* What is required
Only the stretch below from the line holding "HUMAN MADE(ヒューマンメイド) BIG" through the line holding "Mô hình vỏ đạn" should be restated, word for word and with both ends included; pictures stay out.

* Data for this exercise
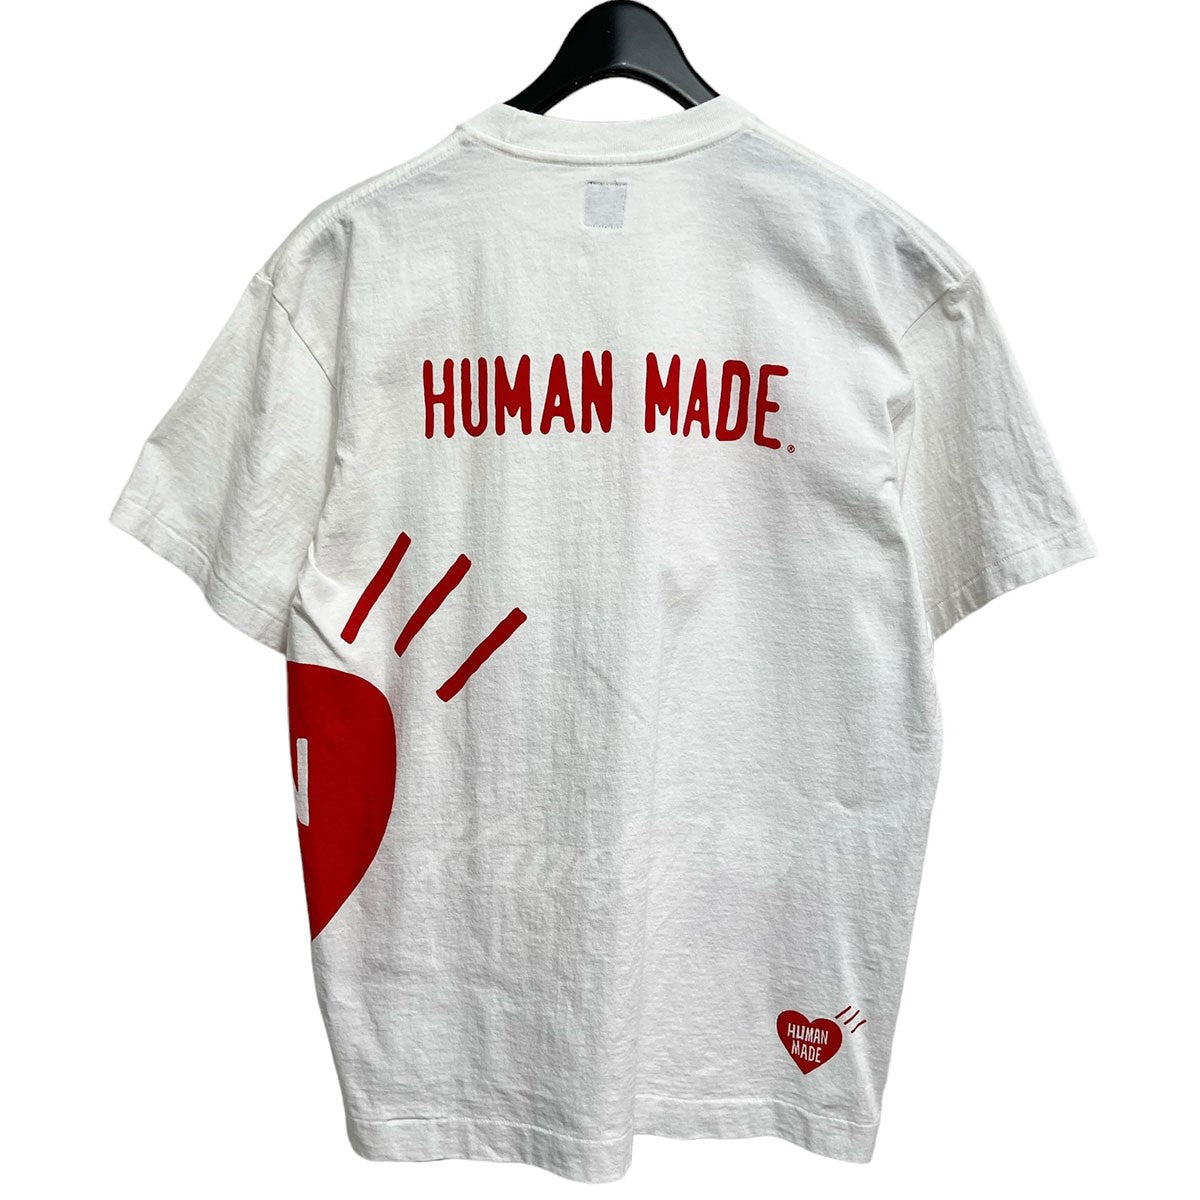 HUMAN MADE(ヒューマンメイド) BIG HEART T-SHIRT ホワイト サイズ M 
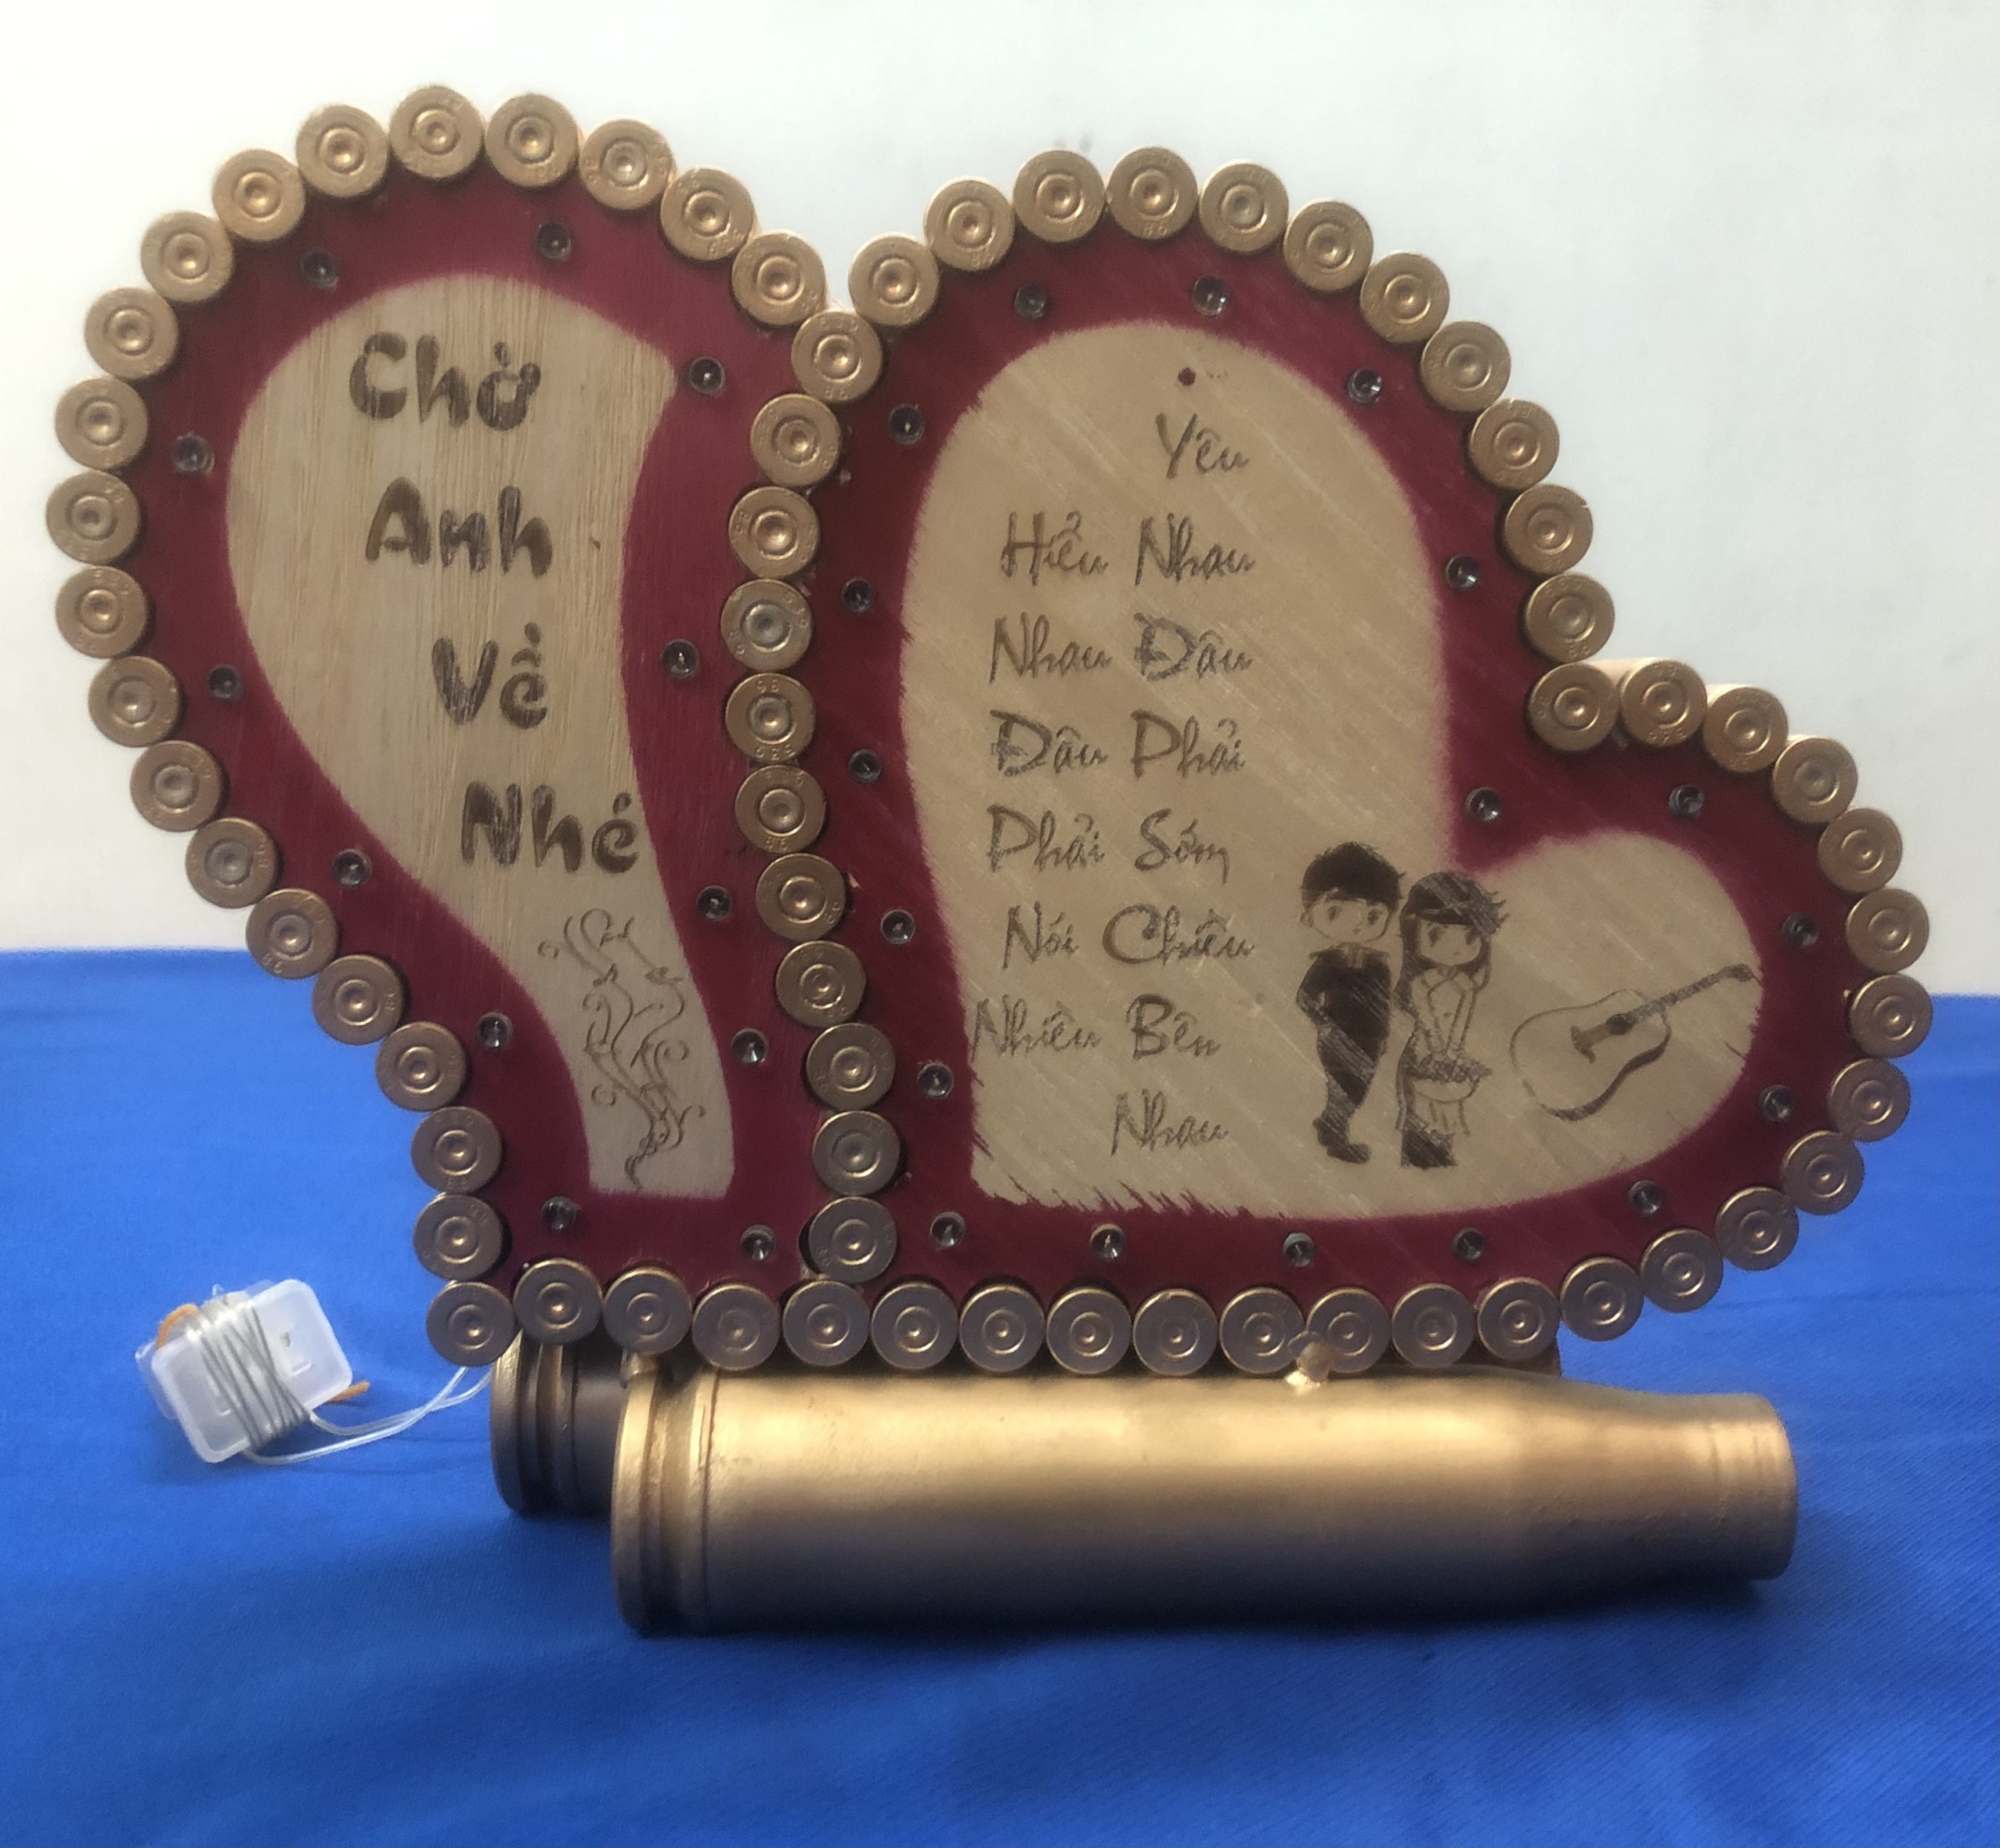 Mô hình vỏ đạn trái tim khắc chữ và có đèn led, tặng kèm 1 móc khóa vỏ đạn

==

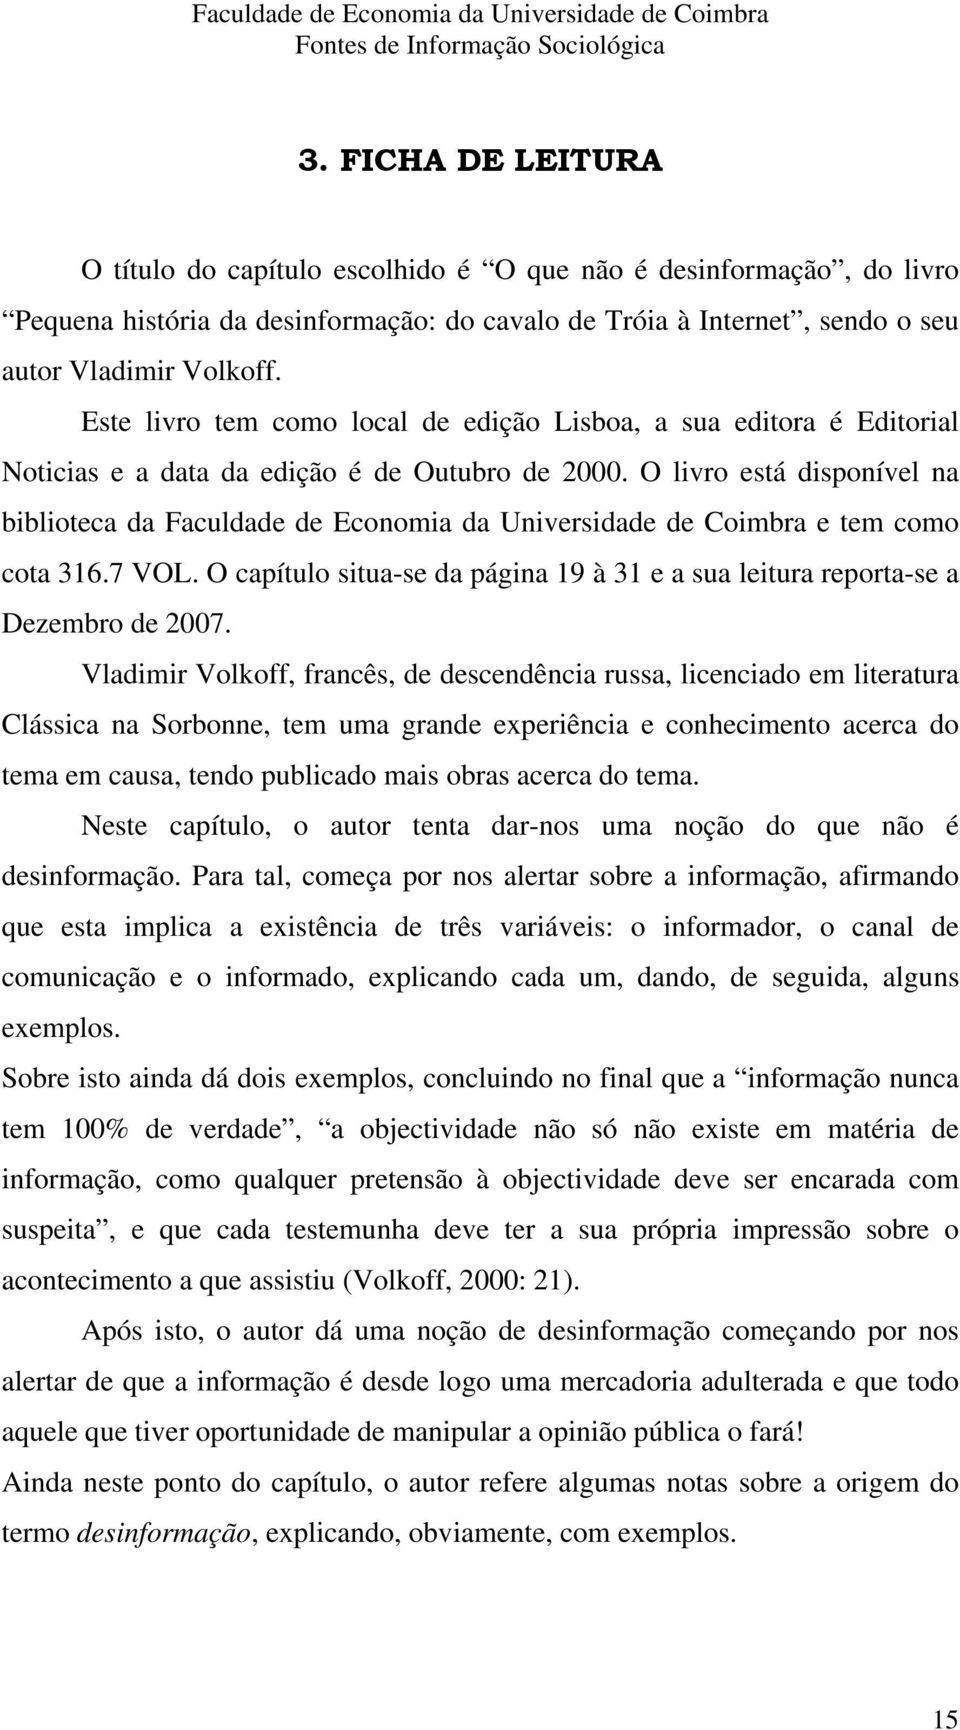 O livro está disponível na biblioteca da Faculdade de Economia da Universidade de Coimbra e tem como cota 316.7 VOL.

* Reply
 HUMAN MADE(ヒューマンメイド) BIG HEART T-SHIRT ホワイト サイズ M 
 Mô hình vỏ đạn trái tim khắc chữ và có đèn led, tặng kèm 1 móc khóa vỏ đạn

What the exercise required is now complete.